> _Information provided_
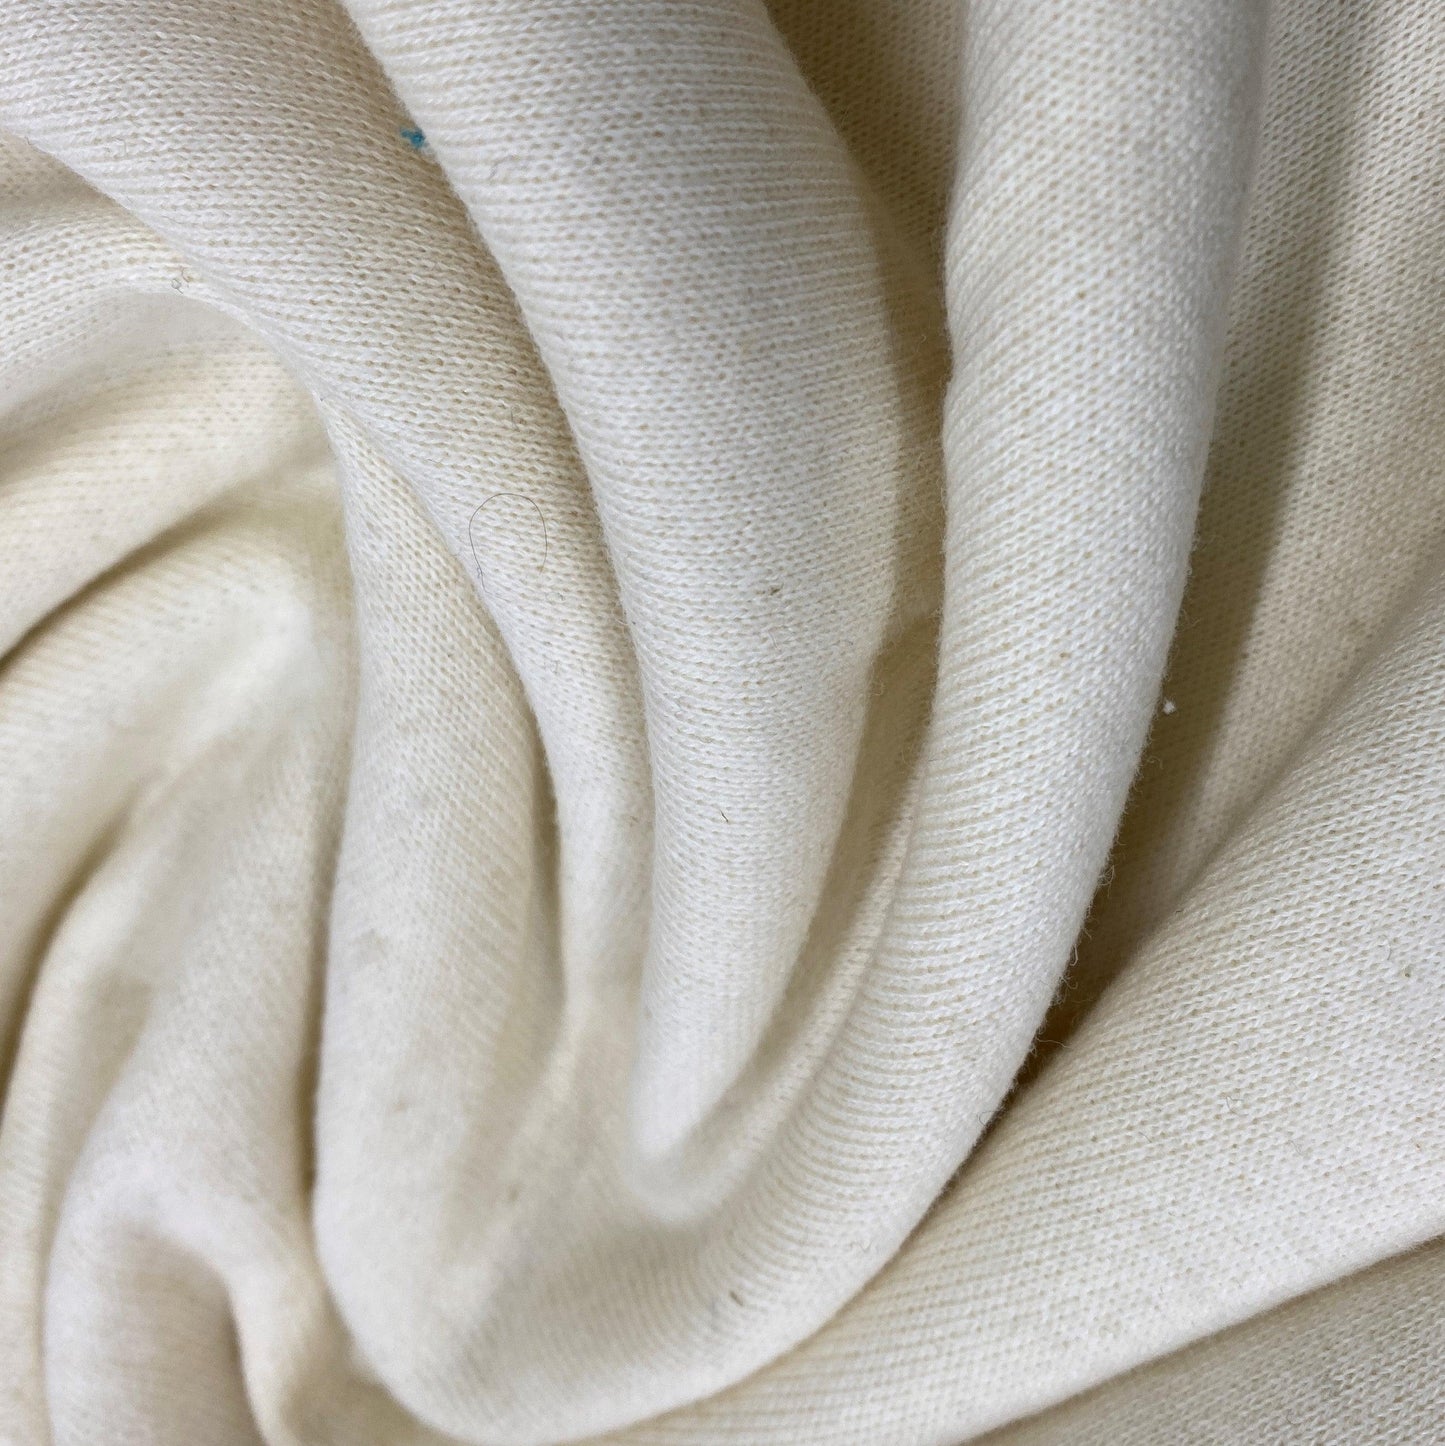 Cotton Fleece Fabric Suppliers 22206300 - Wholesale Manufacturers
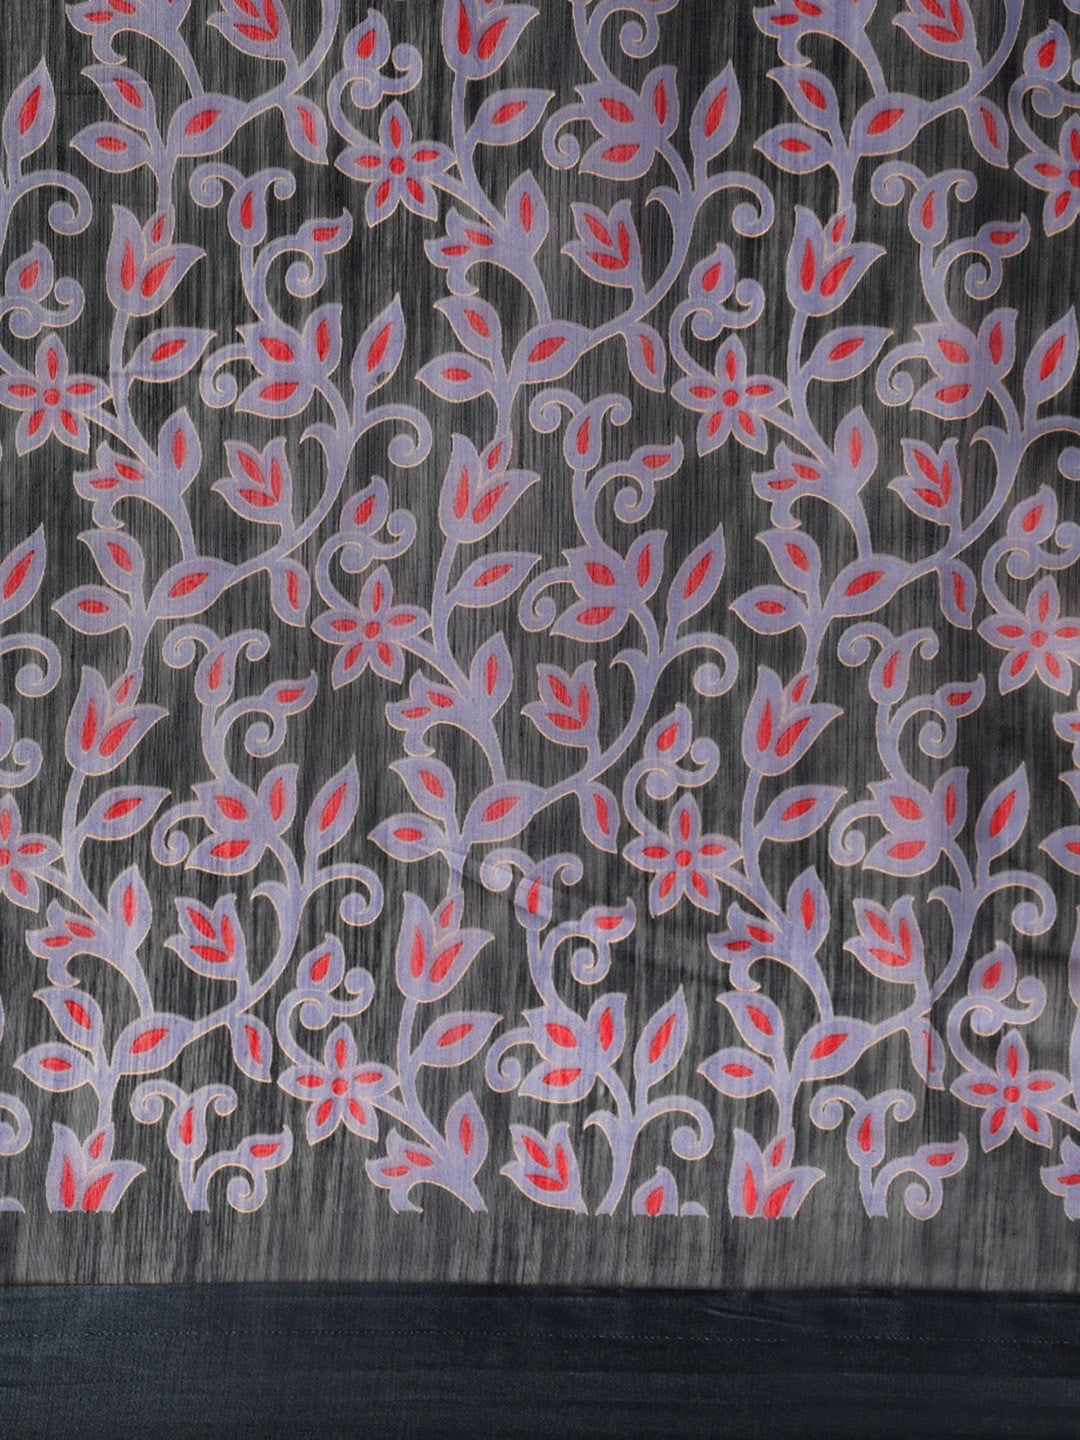 Women's Grey Art Silk Printed Saree - Ahika
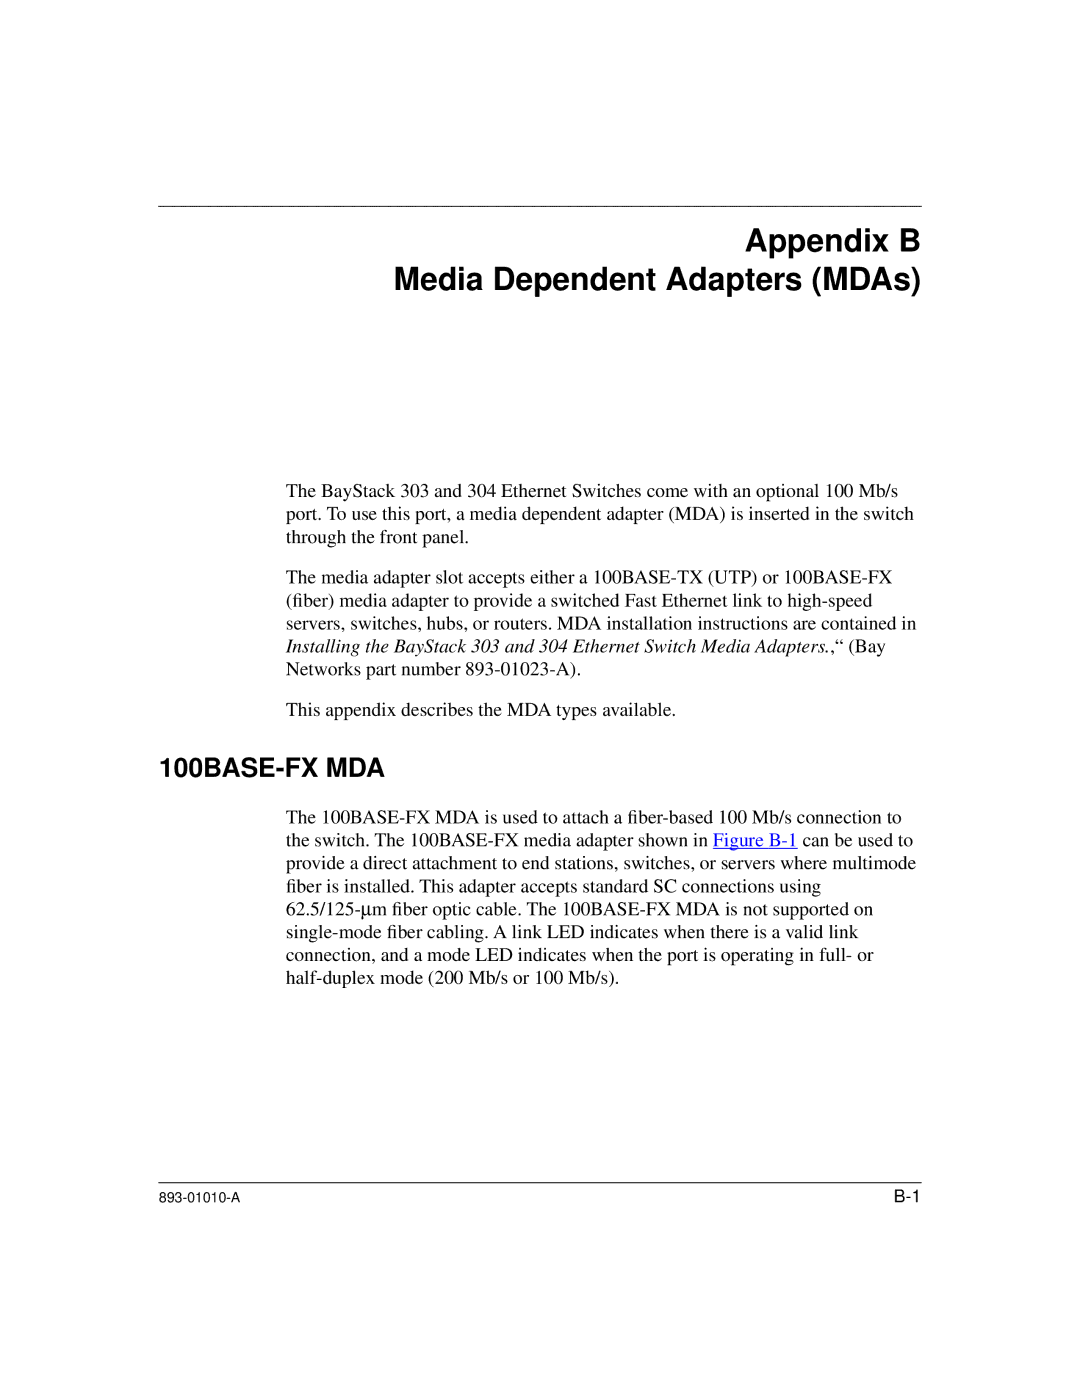 Bay Technical Associates 303, 304 manual Appendix B Media Dependent Adapters MDAs

> _Task to carry out_
Write out the data precisely as given, excluding the pictures.

> _Response area_
 Cotton Fleece Fabric Suppliers 22206300 - Wholesale Manufacturers
 Women's Grey Art Silk Printed Saree - Ahika
 Bay Technical Associates 303, 304 manual Appendix B Media Dependent Adapters MDAs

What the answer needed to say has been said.